* DATA:
---+---

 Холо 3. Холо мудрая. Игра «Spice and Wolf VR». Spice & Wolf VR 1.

---+---

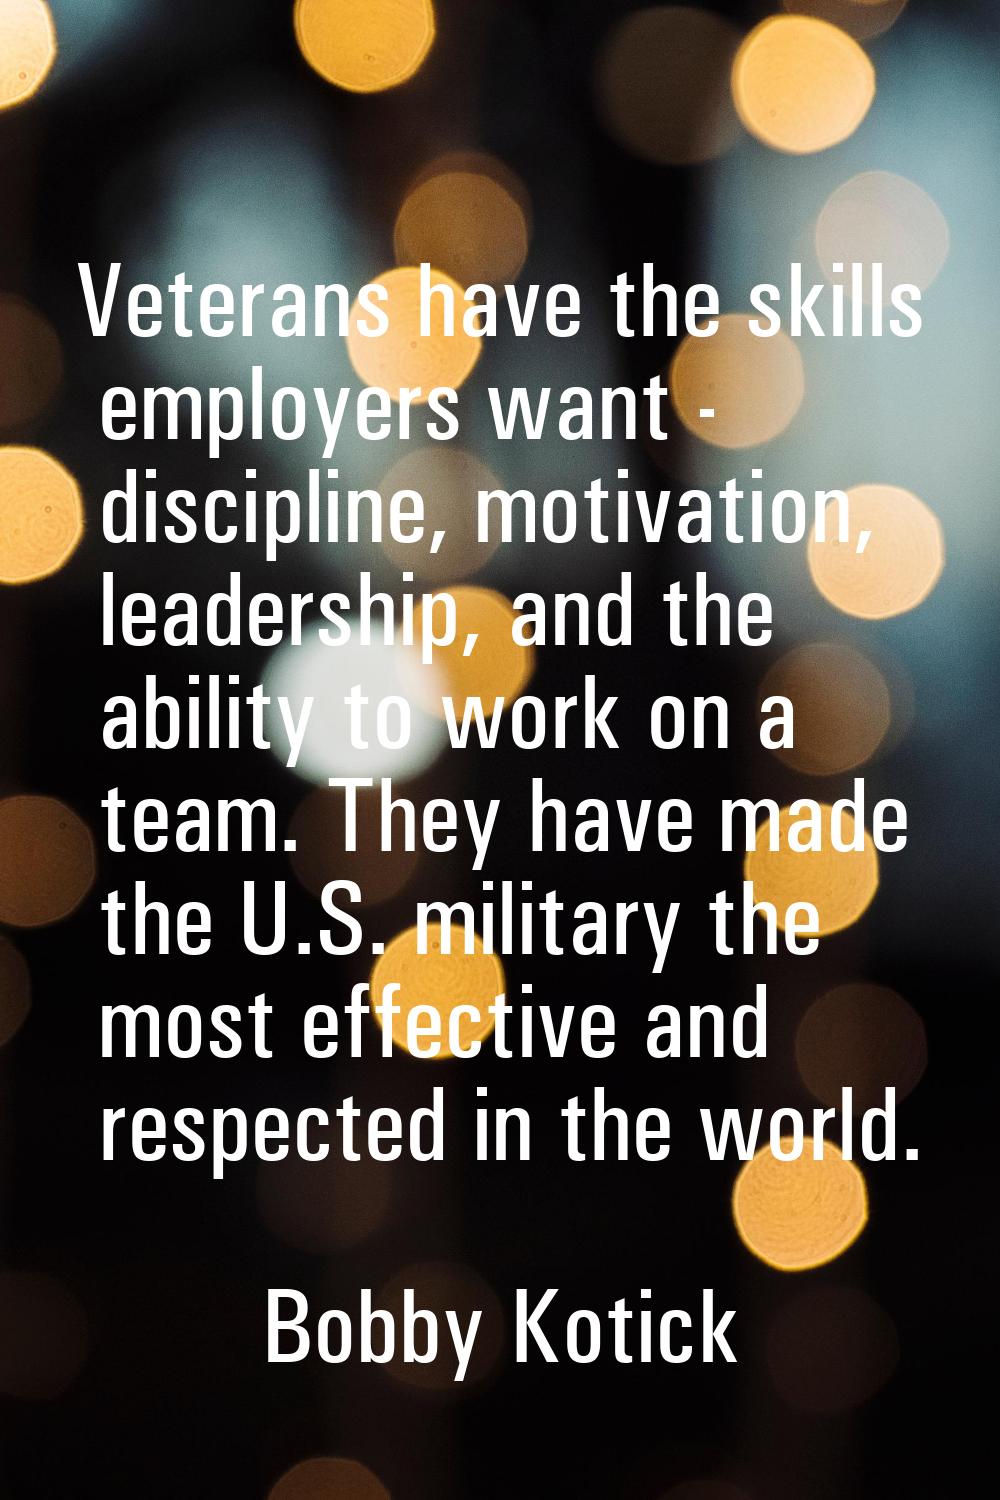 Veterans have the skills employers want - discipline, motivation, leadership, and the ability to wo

---+---

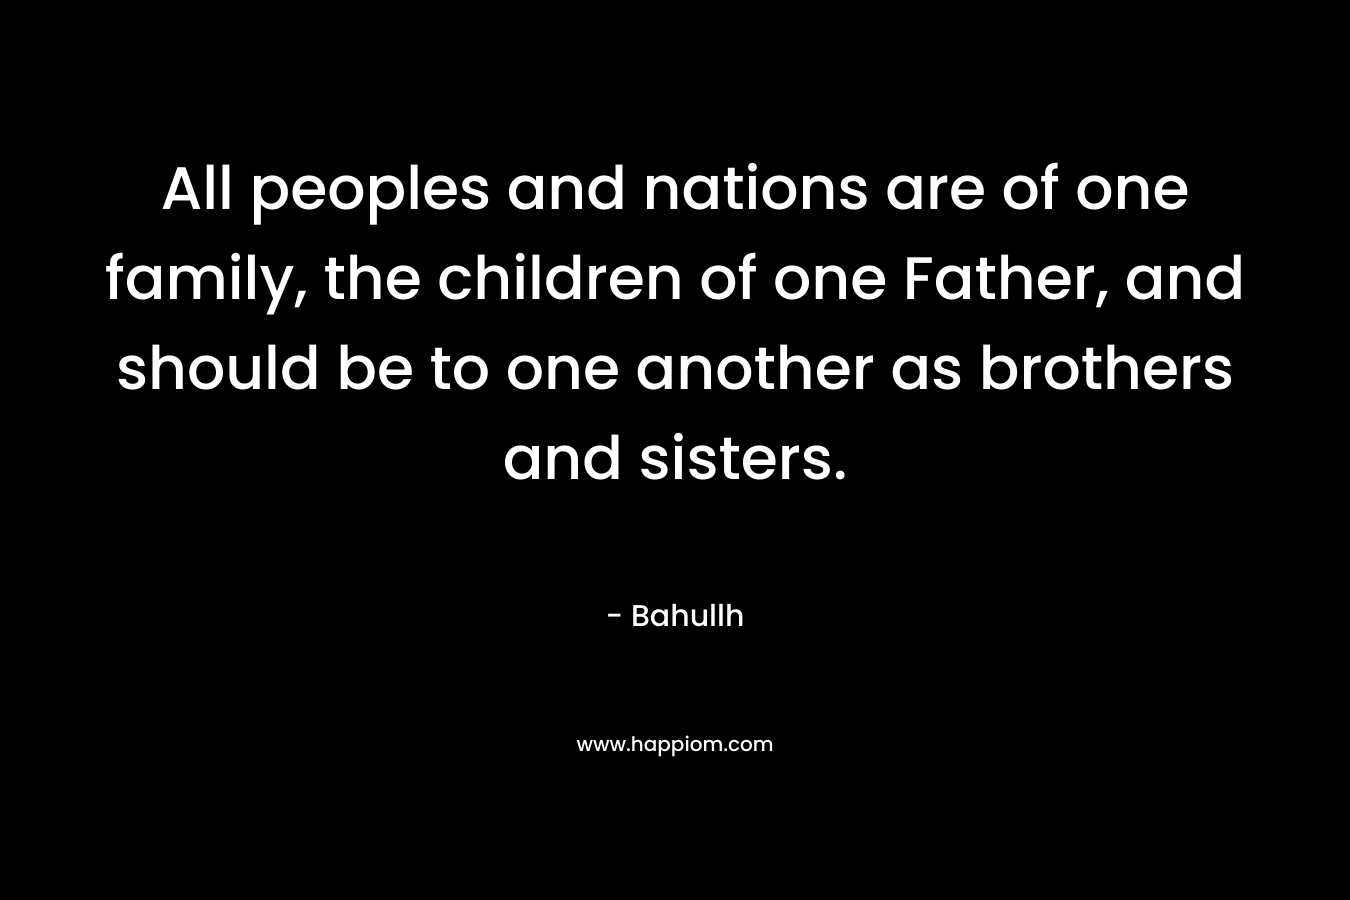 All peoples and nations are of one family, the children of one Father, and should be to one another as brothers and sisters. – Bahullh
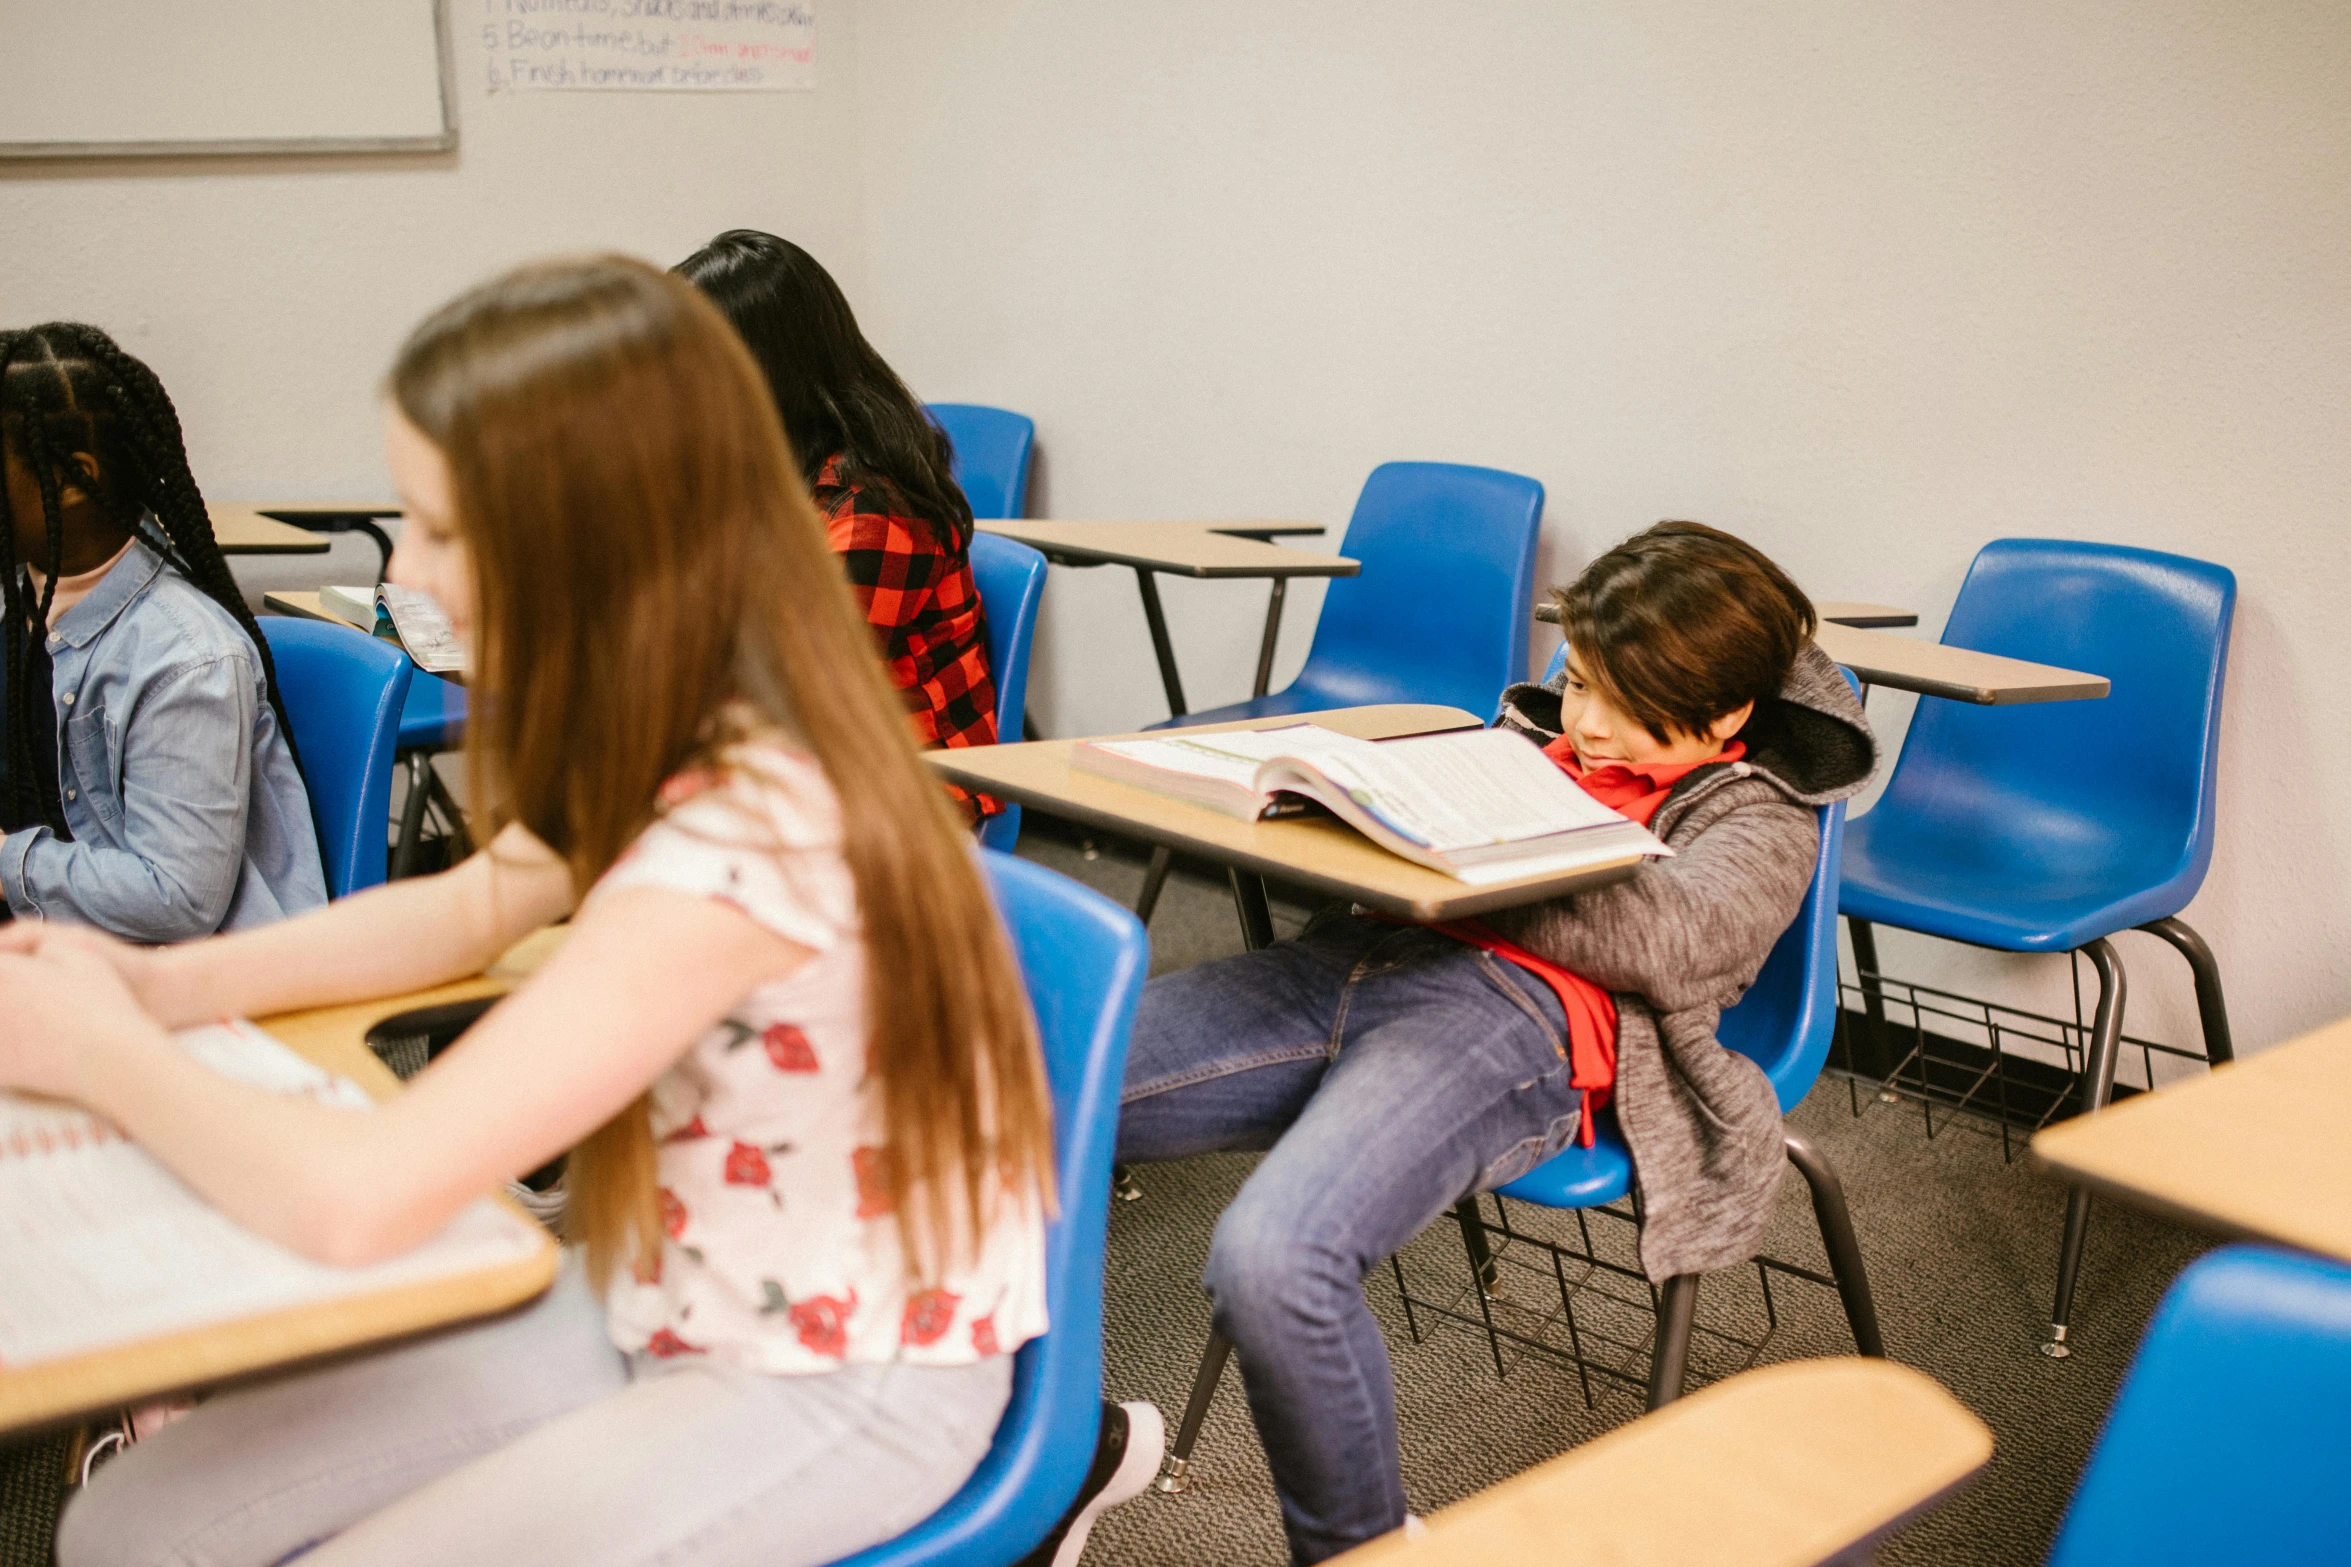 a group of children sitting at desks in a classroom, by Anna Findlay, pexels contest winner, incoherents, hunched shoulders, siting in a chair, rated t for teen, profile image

---+---

* TASK BRIEF: Reproduce exactly, with no pictures, the lines above from the one holding "All peoples and" to the one holding "a group of children", inclusive.

* SOLUTION TO THIS TASK:
 All peoples and nations are of one family, the children of one Father, and should be to one another as brothers and sisters. – Bahullh
 a group of children sitting at desks in a classroom, by Anna Findlay, pexels contest winner, incoherents, hunched shoulders, siting in a chair, rated t for teen, profile image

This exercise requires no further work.